June 1st, 2016 11:05 AM

Another Obama administration agency has poured cold water on anti-fracking fears so commonly promoted by the liberal media.

The Federal Bureau of Ocean Energy Management and the Bureau of Safety and Environmental Enforcement announced May 27, that their recent study of offshore hydraulic fracturing (more commonly called fracking) in California found no long term damage to the environment.

The Washington Examiner reported that the analysis reviewed fracking conducted off the California coast during oil and gas drilling production within the last thirty years.

Rather than consider the evidence and both sides of the issue, the media have often supported anti-fracking claims by giving more coverage to environmentalists and celebrities who oppose fracking. They’ve turned to people including Mark Ruffalo, Yoko Ono, and the Gasland filmmaker Josh Fox to bash the method of natural gas extraction. They claim it contaminates drinking water and threatens the environment. In fact, between Jan. 1, 2010, and April 30, 2013, half of the broadcast networks’ reports on fracking cited either celebrities or anti-fracking films.

However, the latest data from the federal government contradicted fracking opponents and the liberal media.

“In some cases where impacts are somewhat more pronounced, such as with discharge of produced water, the impacts are minor, short-term and localized,” Director of the Ocean Energy Management bureau Abigail Ross Hopper said. “The comprehensive analysis shows that these practices, conducted according to permit requirements, have minimal impact.”

A U.S. district court in L.A. banned fracking off the Santa Barbara coast on Jan. 29, 2016, as part of a legal settlement between the Center For Biological Diversity (CBD) and the Bureau of Ocean Energy Management.

That settlement also determined that the bureau would perform an “assessment” of the effects of fracking in order to determine whether or not fracking would be resumed.

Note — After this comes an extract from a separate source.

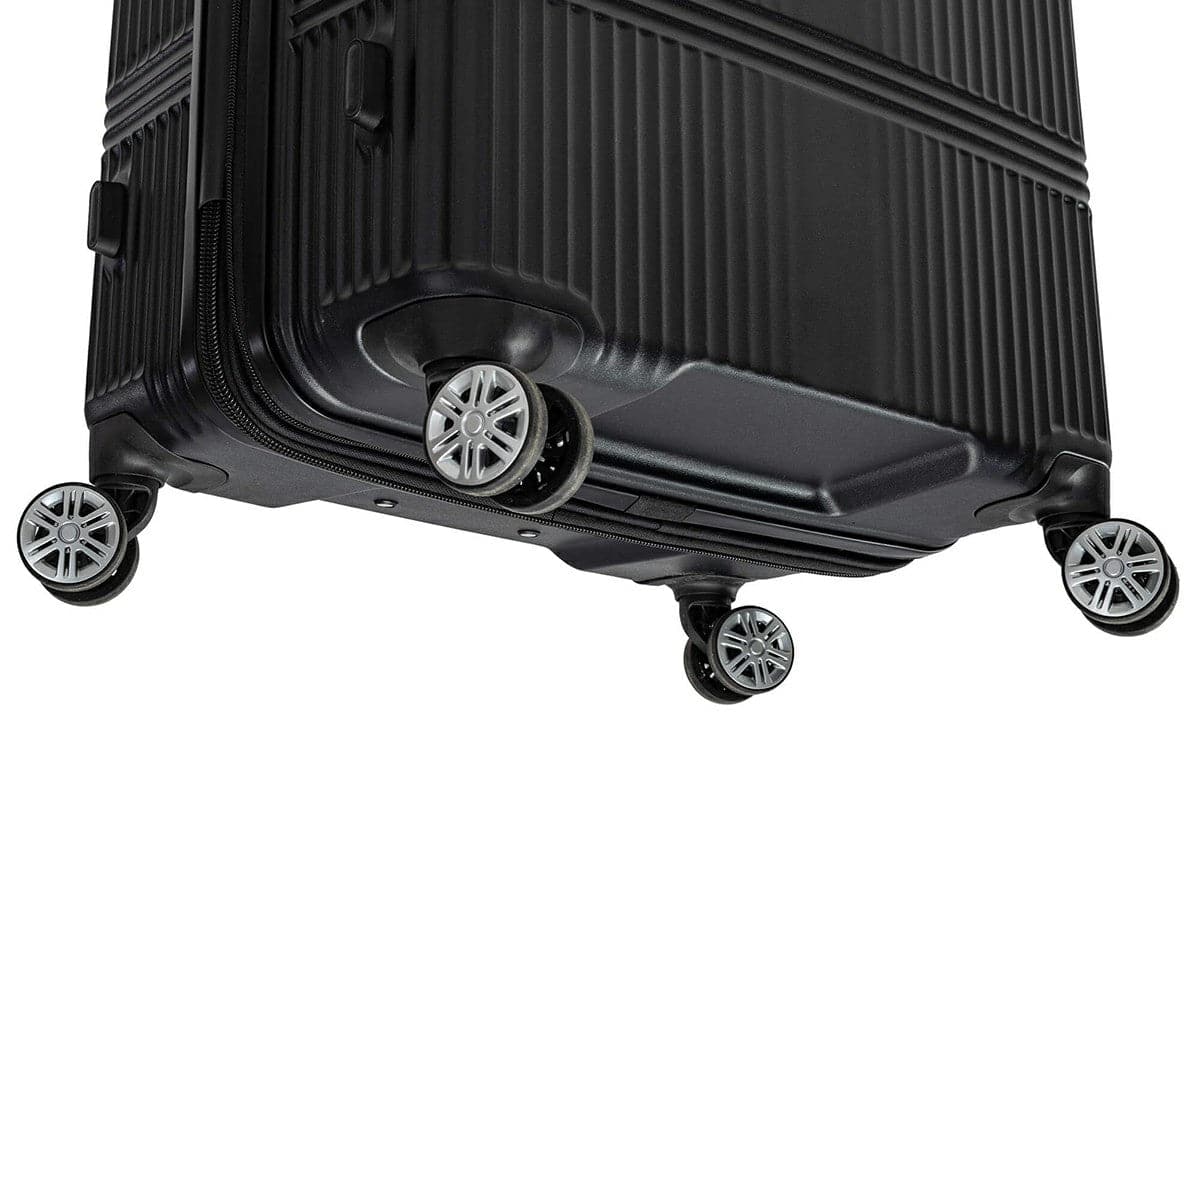 Mancini Adelaide Lightweight Spinner Luggage Set

Attorney Kristen Monsell on behalf of the CBD declared in a January press release that “Offshore fracking is a dirty and dangerous practice that has absolutely no place in our ocean.”

However, the ban was lifted on May 27, 2016, following the federal agency’s assessment to the contrary. That day, CBD Director Miyoko Sakashita blasted the decision saying, “The Obama administration is once again putting California’s beautiful coast in the oil industry’s crosshairs.”

Sakashita also said, “Our beaches and wildlife face a renewed threat from fracking chemicals and oil spills. New legal action may be the only way to get federal officials to do their jobs and protect our ocean from offshore fracking.”

President of the National Ocean Industries Association Randall Luthi was optimistic about the study’s results and dismissed Sakashita’s threats as “hyperbole.”

In a May 27, statement, Luthi declared, “Offshore energy is a vital source of jobs and revenue for both California and the U.S., and the sooner operations offshore California can resume the better.”

But this news may not garner much press attention. In June 2015, ABC and NBC news refrained from mentioning the EPA’s findings that oil and gas fracking did not pose a threat to drinking water.